The fact that just half of the DC population responded to the assay prompted us to investigate the possible effect of ectonucleotidases in this process. The same assay was carried out in RPMI 1640 medium with 5 mmol/L of EDTA to decrease manyfold the Ca2+ and Mg2+concentrations, which have been described as being essential to the activity of ectonucleotidases.1 39 Under such conditions, the EC50 shifted to 0.094 mmol/L (Figure 6A, triangle). As shown in Figure 5, it was the anionic form of the agonist (ATP4−) that induced the permeabilization of DCs. Hence, to investigate whether the shift in EC50, observed during permeabilization performed in medium containing EDTA, was due to an increase of noncomplexed active ligand (ATP4−) or to an inhibition of ectonucleotidases, we normalized the dose-response curves based on the concentration of ATP4− calculated in each condition. Even after normalization, we observed that differences in EC50 were still present (Figure 6B,C), indicating that part of this effect might well be the result of ectonucleotidase inhibition. Our assays using 5′FSBA, an irreversible ectonucleotidase inhibitor, further indicated that this was the case. As seen in Figure 7, when the DCs were previously treated with 5′FSBA (1 mmol/L), we observed an increased number of permeabilized cells (71.8% ± 6.2%) when compared with the untreated control (41.2% ± 7.9%).

Fig. 7.

The ectonucleotidase inhibitor, 5′FSBA, enhances ATP-mediated DC permeabilization.

The DC suspension was previously treated with 1 mmol/L of 5′FSBA for 1 hour at 37°C. These cells were then washed twice and incubated with ATP (5 mmol/L) and ethidium bromide (10 μmol/L) for 15 minutes at 37°C. The degree of permeabilization was analyzed by flow cytometry. Data shown were normalized and compared by Studentt test. *Results from DCs treated with 5′FSBA were significantly different from those of untreated cells (P < .001). Data are the average of 3 experiments (mean ± SD).

Pharmacologic profile

Different nucleotide analogs were tested for their capacity to permeabilize DCs. Adenosine, cAMP, ADP, UTP, BzATP, and ATPγS were tested at 5 mmol/L in all assays, and their effects were compared with that of 5 mmol/L ATP. As depicted in Figure8, ATP, BzATP, and ATPγS selectively permeabilized DCs above the background level, whereas the other analogs did not cause any effect. In additional experiments, DCs were treated with increasing concentrations of oATP, previously described as a selective P2Z/P2X7 receptor antagonist that binds covalently and irreversibly to the receptor, inhibiting its effects.40 DCs were incubated with oATP for 2 hours at 37°C. The cells were then incubated with or without ATP in the presence of ethidium bromide for 15 minutes. As shown in Figure9, pretreatment with oATP at concentrations greater than 300 μmol/L completely blocked the ATP-mediated permeabilization.

Fig. 8.

DC permeabilization was induced selectively by adenine triphosphate nucleotide analogs.

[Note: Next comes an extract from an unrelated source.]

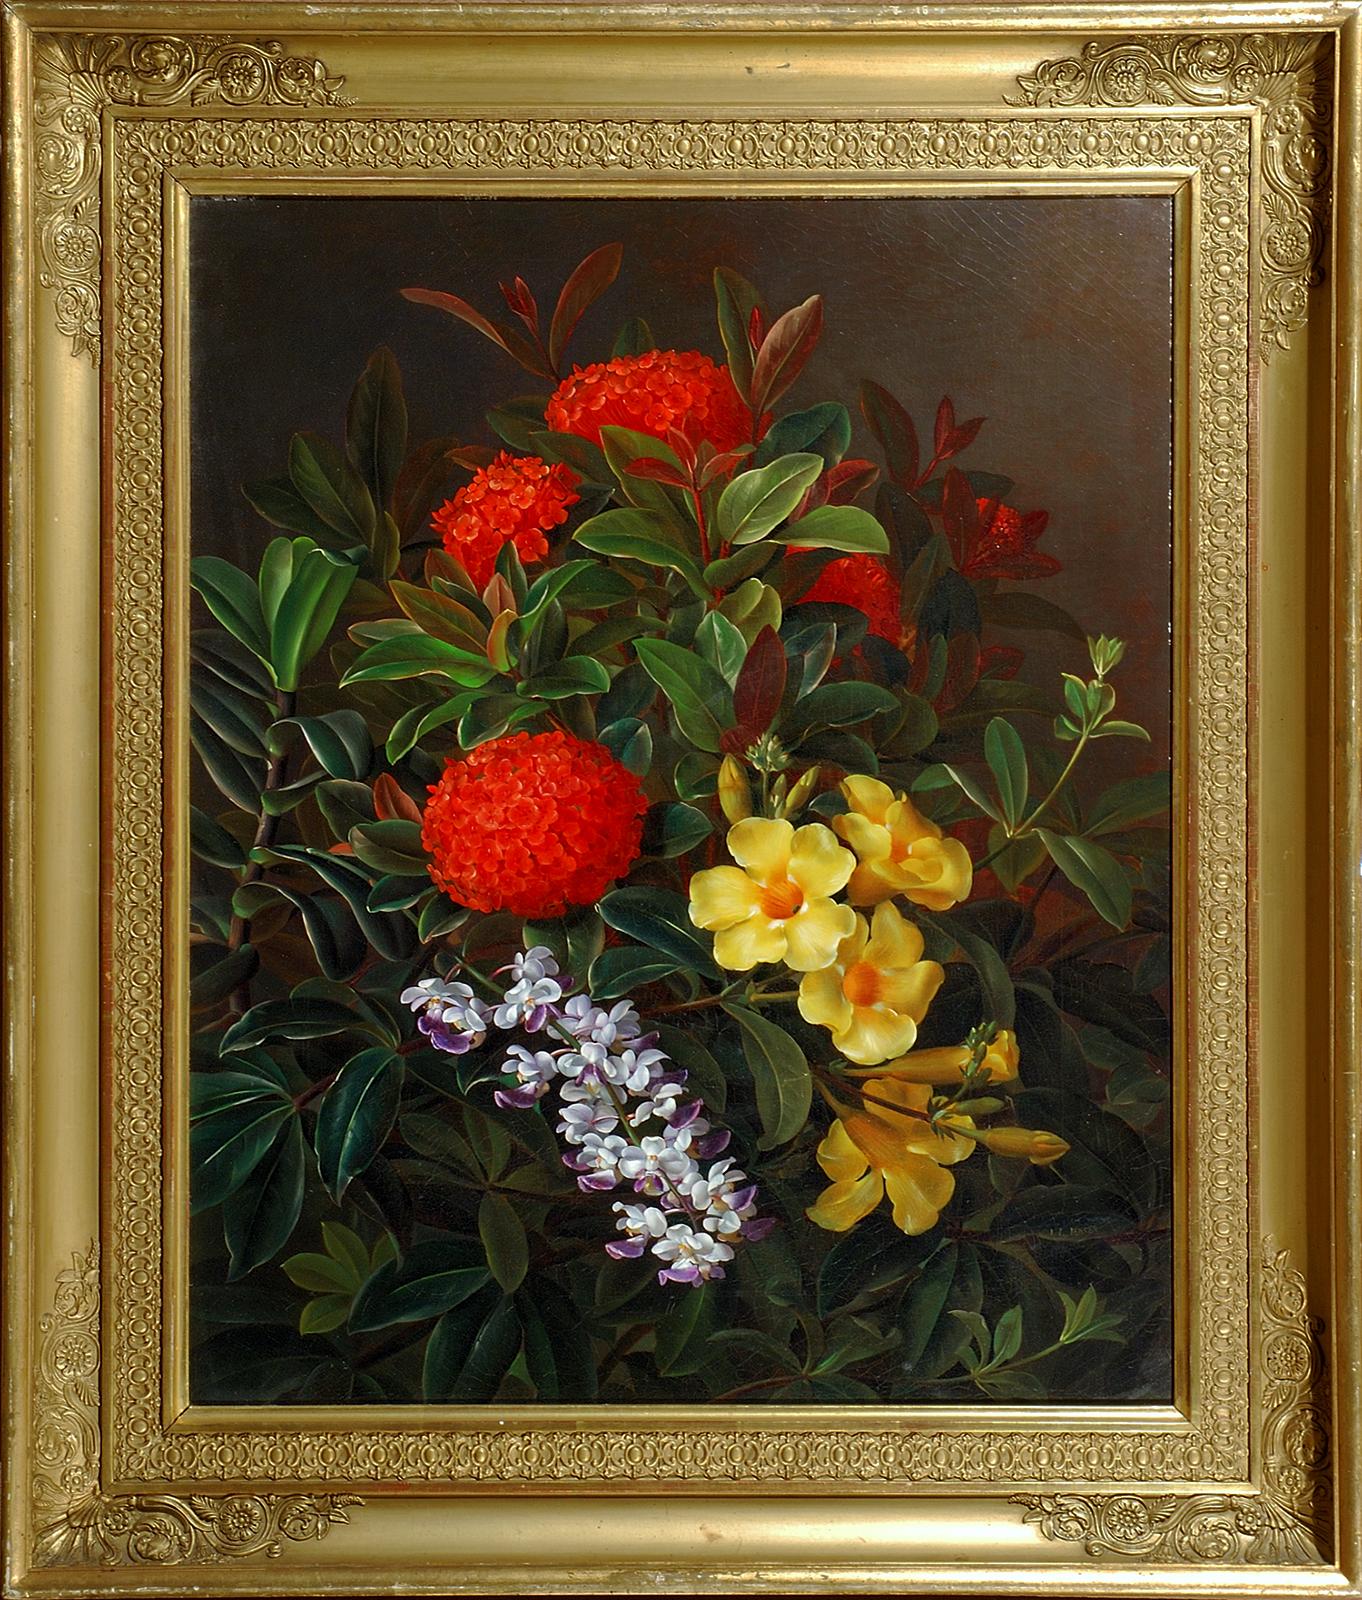 Johan Laurentz Jensen was the leading painter of floral still lifes in Denmark in the first half of the nineteenth century. As a young man, he studied at the Royal Copenhagen Academy under Christoffer-Wilhelm Eckersberg and C.D. Fritzsch.  In 1821,

Adenosine, cAMP, ADP, UTP, ATPγS, and ATP were analyzed for their ability to permeabilize DCs. DC suspensions containing 10 μmol/L ethidium bromide were incubated for 15 minutes at 37°C with different nucleotide analogs (all at 5 mmol/L). Data shown were not normalized. Results express the average of 3 experiments (mean ± SD).

Fig. 9.

Oxidized ATP treatment blocks the ATP-mediated DC permeabilization.

DC suspensions were pretreated with different concentrations of oxidized ATP (oATP) for 2 hours at 37°C. These cells were subsequently treated with ATP (5 mmol/L) plus ethidium bromide (10 μmol/L) and incubated for 15 minutes more. The permeabilization inhibition was analyzed by flow cytometry.

ATP treatment induces intracellular calcium increase in DCs

An increase in intracellular calcium ([Ca2+]i) has been described as a hallmark of the activation of all subtypes of P2 receptors studied so far.41 Thus, we measured by microfluorometry with FURA2-AM DC [Ca2+]i before and after ATP treatment. Figure10A depicts the 510-nm emission wavelength ratio showing the [Ca2+]i increase in DCs after a 5-mmol/L ATP application in standard saline; this increase was not observed when saline alone was applied as a negative control. When the same microscopic field was maintained and perfused with saline without calcium (see “Materials and methods”), ATP application was not able to induce any intracellular calcium alteration (Figure 10B). In contrast, when the same cells were subsequently perfused with standard saline, the intracellular calcium increase was again observed after ATP application (Figure 10C), indicating that the extracellular environment is the source for the calcium increase detected in the intracellular milieu after the ATP treatment.

Fig. 10.

Intracellular calcium increase induced by ATP treatment.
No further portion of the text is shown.